Hudson Technologies: The Growth May Be Delayed But It’s Still A Buy
Summary:
- Hudson Technologies holds the largest share of the U.S. refrigerant reclamation market. This market is poised for long-term growth.
- The company’s long-term thesis regarding reclaimed HFC demand is still intact, despite a downturn in revenue and profitability in Q1 2024.
- Hudson’s management expressed concerns about achieving its previously stated 2025 revenue target of $400 million due to lower-than-expected HFC pricing and a larger-than-anticipated stockpile of virgin HFCs in the market.
- After a pullback in share price, I consider Hudson a Strong Buy for long-term investors.
Investment Thesis
The AIM Act may provide Hudson Technologies (NASDAQ:HDSN) with a sustainable growth catalyst and allow it to take advantage of its operating leverage as the reclamation market expands. Hudson holds the largest share of the U.S. refrigerant reclamation market and a technology advantage over competitors. With a strong balance sheet, and a management team focused on the long-term opportunity created by the AIM Act, Hudson could generate incredible returns for long-term holders. I consider Hudson a Strong Buy.
Upgrading To Strong Buy After Sell-Off
HDSN stock has fallen post-earnings due to uncertainty about the near- and medium-term outlook for revenue. In my previous article, I outlined my long-term thesis centered around the impacts of the AIM Act and how it should drive sustainable growth for Hudson. A supply and demand imbalance tilted towards increased reliance on reclaimed refrigerants is still likely to increase demand for Hudson’s services and products and drive the prices higher over the long term.

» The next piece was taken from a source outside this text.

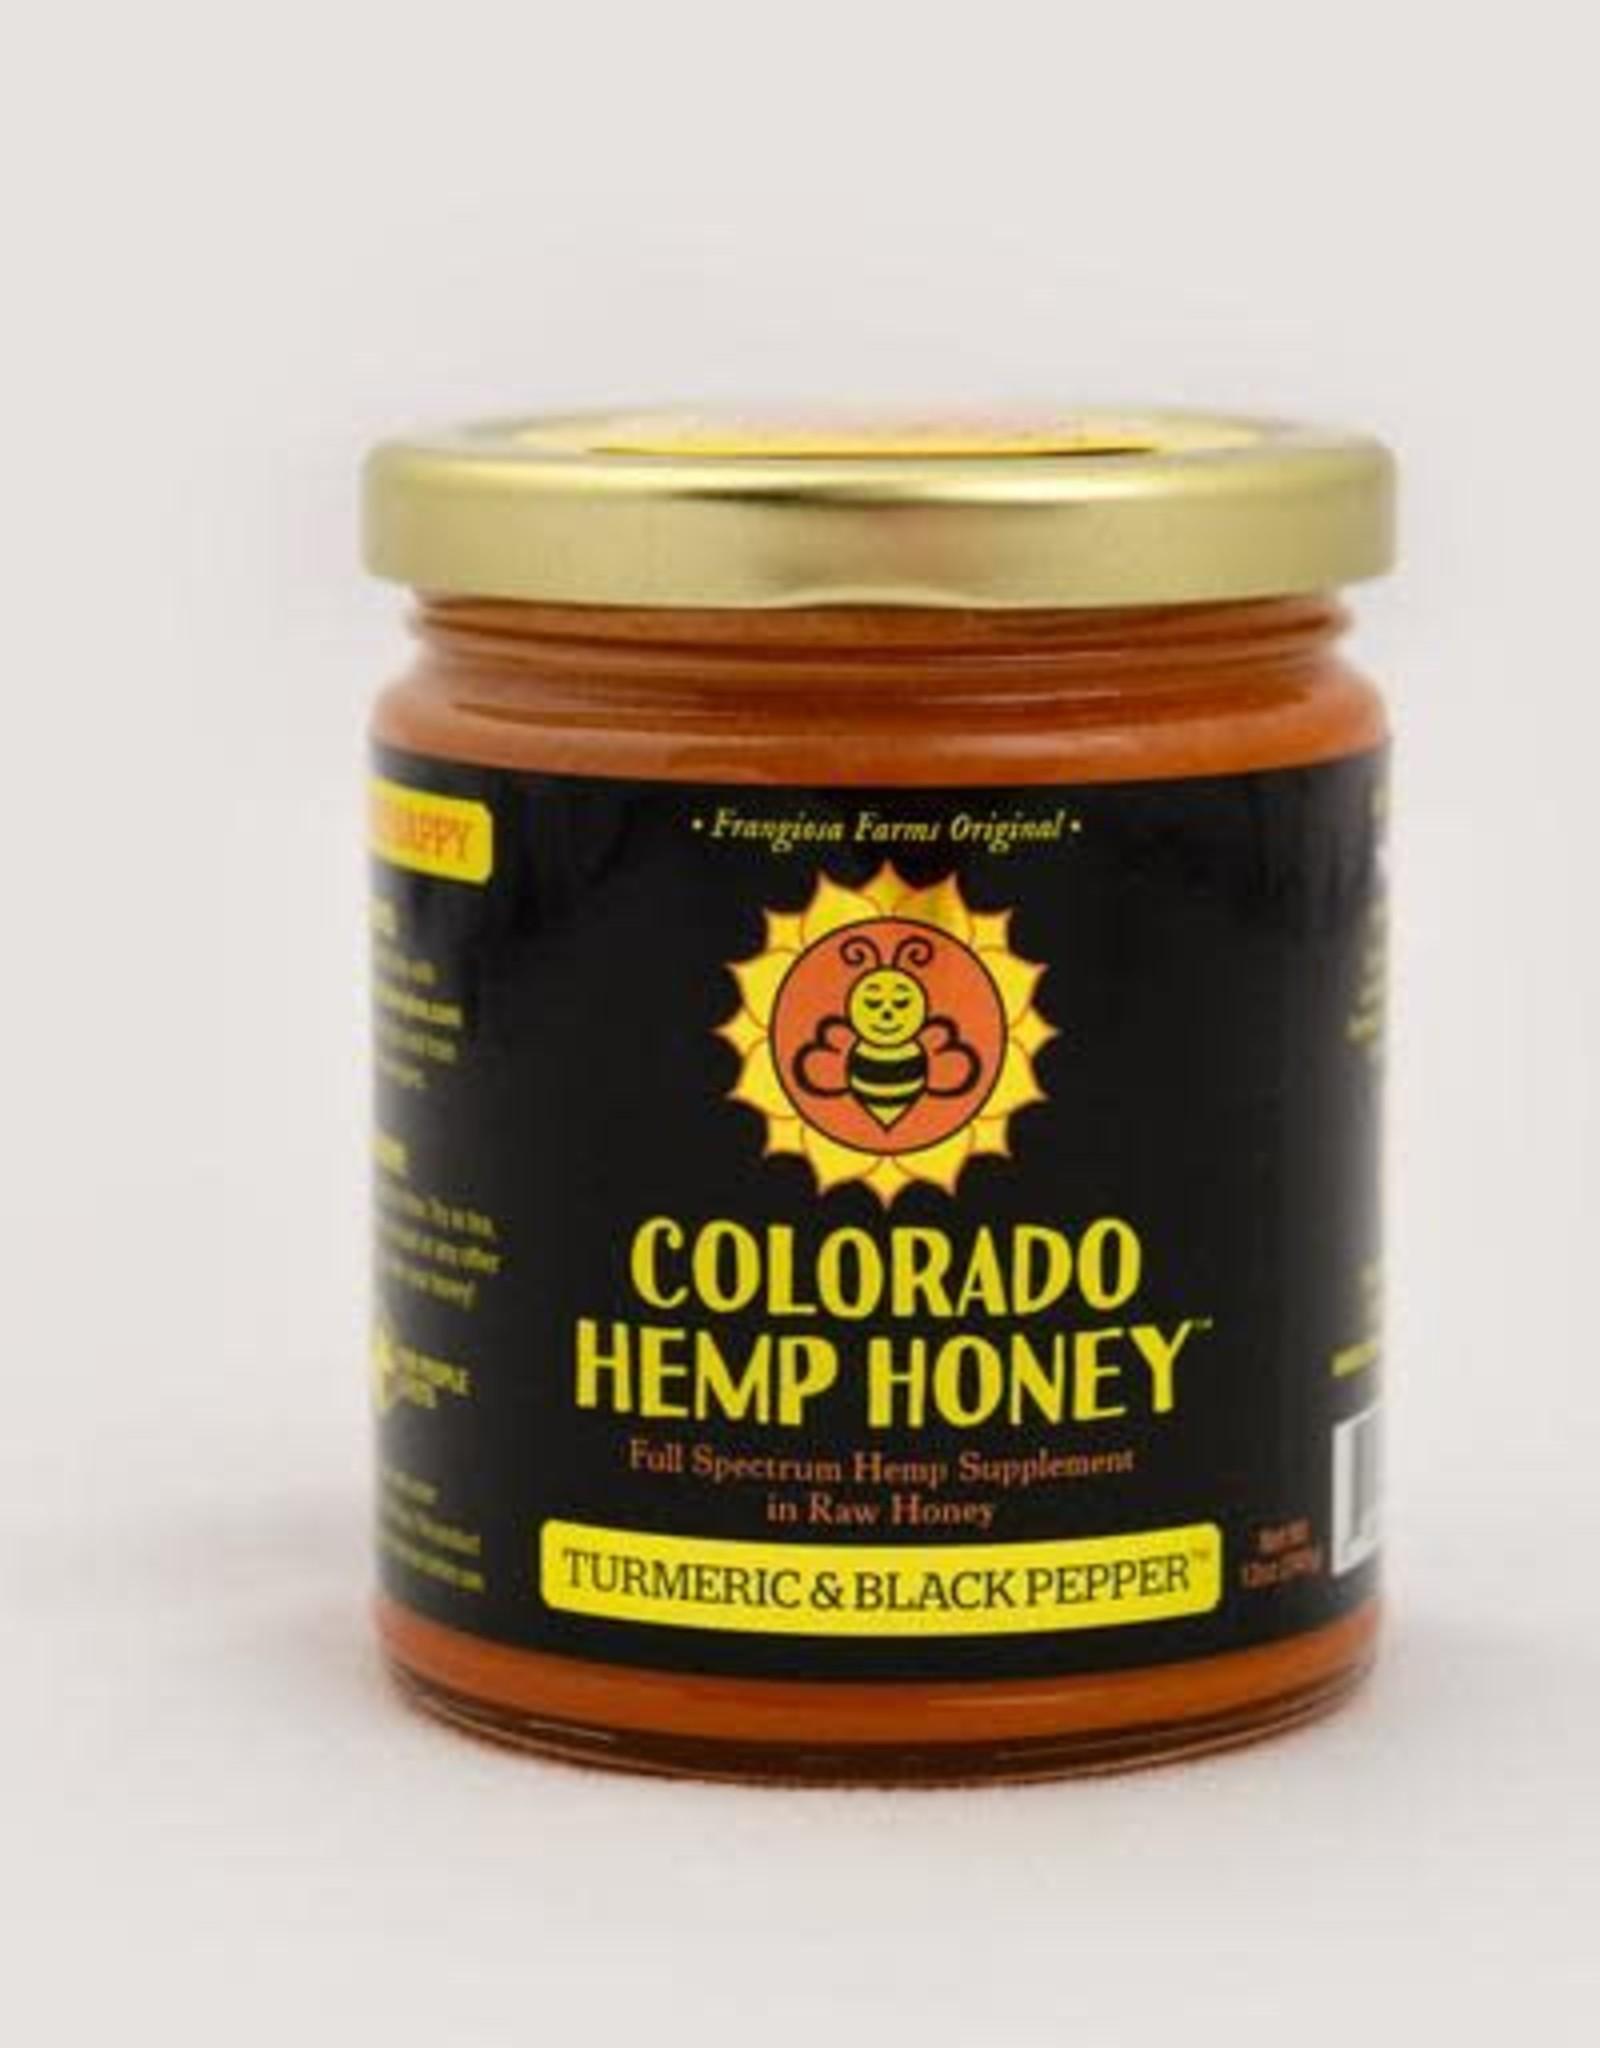 Colorado Hemp Honey Colorado Hemp Honey Turmeric & Black Pepper 6oz Jar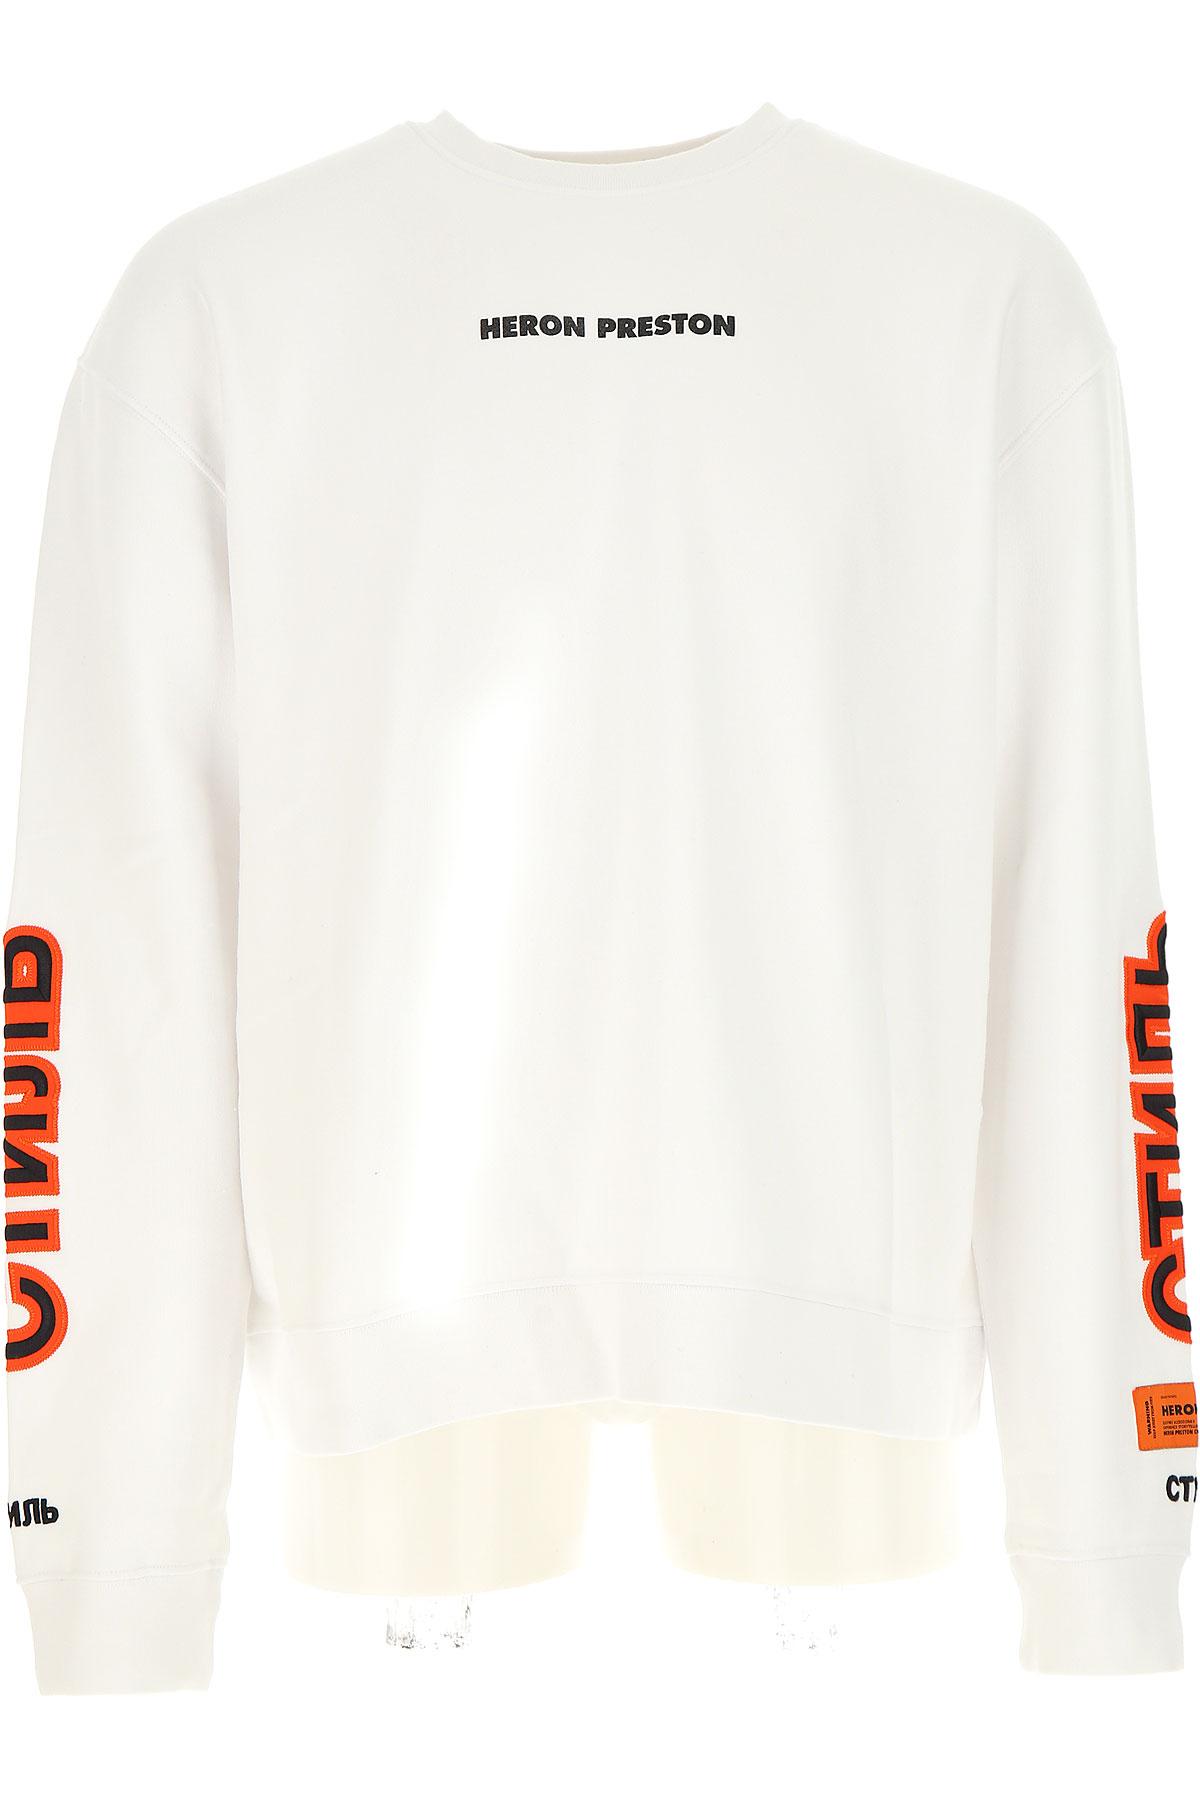 Image of Heron Preston Sweatshirt for Men, White, Cotton, 2017, L M XL

However, this growth might be delayed for several quarters after Hudson CEO, Brian Coleman removed the company’s 2025 revenue target and provided uncertainty about HFC demand due to increased stockpiles of virgin HFCs.
My long-term thesis regarding reclaimed HFC demand is still intact, with the market spooked and selling the stock, I think this could provide a golden opportunity for a patient investor who believes Hudson can recapture its growth trajectory.
Financial Performance Overview
Hudson Technologies reported its Q1 2024 earnings, revealing a downturn in revenue and profitability compared to the previous year. Revenue decreased by 15% to $65.3 million from $77.2 million in Q1 2023. The revenue decline was attributed primarily to lower selling prices for refrigerants and diminished revenues from its Defense Logistics Agency (DLA) contract. Gross margin fell to 33% from 39% YoY. Net income of $9.6 million, translating to a $0.20 per diluted share EPS, was a reduction of 38% from $15.5 million, or $0.33 per diluted share, in the prior period of 2023. Operating expenses grew 12.6%, due to a 13.9% increase in SG&A expenses during the quarter.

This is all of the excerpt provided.